··· PROVIDED DATA

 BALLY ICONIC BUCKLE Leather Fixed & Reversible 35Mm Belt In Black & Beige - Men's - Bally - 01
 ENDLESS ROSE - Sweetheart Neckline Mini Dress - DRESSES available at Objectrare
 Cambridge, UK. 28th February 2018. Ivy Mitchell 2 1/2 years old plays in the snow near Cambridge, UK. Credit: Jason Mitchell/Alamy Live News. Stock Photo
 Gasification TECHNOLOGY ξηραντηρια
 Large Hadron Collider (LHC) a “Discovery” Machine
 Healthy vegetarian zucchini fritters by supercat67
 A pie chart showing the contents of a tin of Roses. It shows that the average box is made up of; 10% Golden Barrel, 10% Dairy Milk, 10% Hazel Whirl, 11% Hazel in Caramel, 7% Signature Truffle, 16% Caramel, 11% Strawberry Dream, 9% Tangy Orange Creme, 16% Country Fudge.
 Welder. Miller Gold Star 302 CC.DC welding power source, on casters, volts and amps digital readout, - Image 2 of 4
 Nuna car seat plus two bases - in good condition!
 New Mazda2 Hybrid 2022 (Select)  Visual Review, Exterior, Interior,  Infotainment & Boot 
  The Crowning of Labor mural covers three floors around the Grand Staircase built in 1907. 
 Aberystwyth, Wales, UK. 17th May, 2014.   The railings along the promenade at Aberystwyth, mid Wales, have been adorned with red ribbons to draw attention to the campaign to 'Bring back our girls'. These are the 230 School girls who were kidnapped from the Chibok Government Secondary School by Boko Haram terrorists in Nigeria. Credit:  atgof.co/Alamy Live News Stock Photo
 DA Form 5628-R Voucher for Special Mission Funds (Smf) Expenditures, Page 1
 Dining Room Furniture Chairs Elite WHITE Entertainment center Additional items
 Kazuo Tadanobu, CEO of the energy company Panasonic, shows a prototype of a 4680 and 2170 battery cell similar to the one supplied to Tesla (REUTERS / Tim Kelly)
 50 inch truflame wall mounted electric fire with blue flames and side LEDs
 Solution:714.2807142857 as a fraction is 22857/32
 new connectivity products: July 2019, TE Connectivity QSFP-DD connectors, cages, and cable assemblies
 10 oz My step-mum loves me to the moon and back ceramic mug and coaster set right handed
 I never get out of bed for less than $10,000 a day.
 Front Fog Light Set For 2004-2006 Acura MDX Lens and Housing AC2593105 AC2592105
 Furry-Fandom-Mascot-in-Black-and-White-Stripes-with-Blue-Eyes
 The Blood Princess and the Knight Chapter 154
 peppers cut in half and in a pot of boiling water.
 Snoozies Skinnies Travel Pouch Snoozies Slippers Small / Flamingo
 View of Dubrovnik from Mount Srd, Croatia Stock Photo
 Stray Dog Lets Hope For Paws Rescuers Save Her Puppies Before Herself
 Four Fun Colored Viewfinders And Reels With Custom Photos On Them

······

Each line of the entries above that has the word "Alamy" is to be copied.

 Cambridge, UK. 28th February 2018. Ivy Mitchell 2 1/2 years old plays in the snow near Cambridge, UK. Credit: Jason Mitchell/Alamy Live News. Stock Photo
 Aberystwyth, Wales, UK. 17th May, 2014.   The railings along the promenade at Aberystwyth, mid Wales, have been adorned with red ribbons to draw attention to the campaign to 'Bring back our girls'. These are the 230 School girls who were kidnapped from the Chibok Government Secondary School by Boko Haram terrorists in Nigeria. Credit:  atgof.co/Alamy Live News Stock Photo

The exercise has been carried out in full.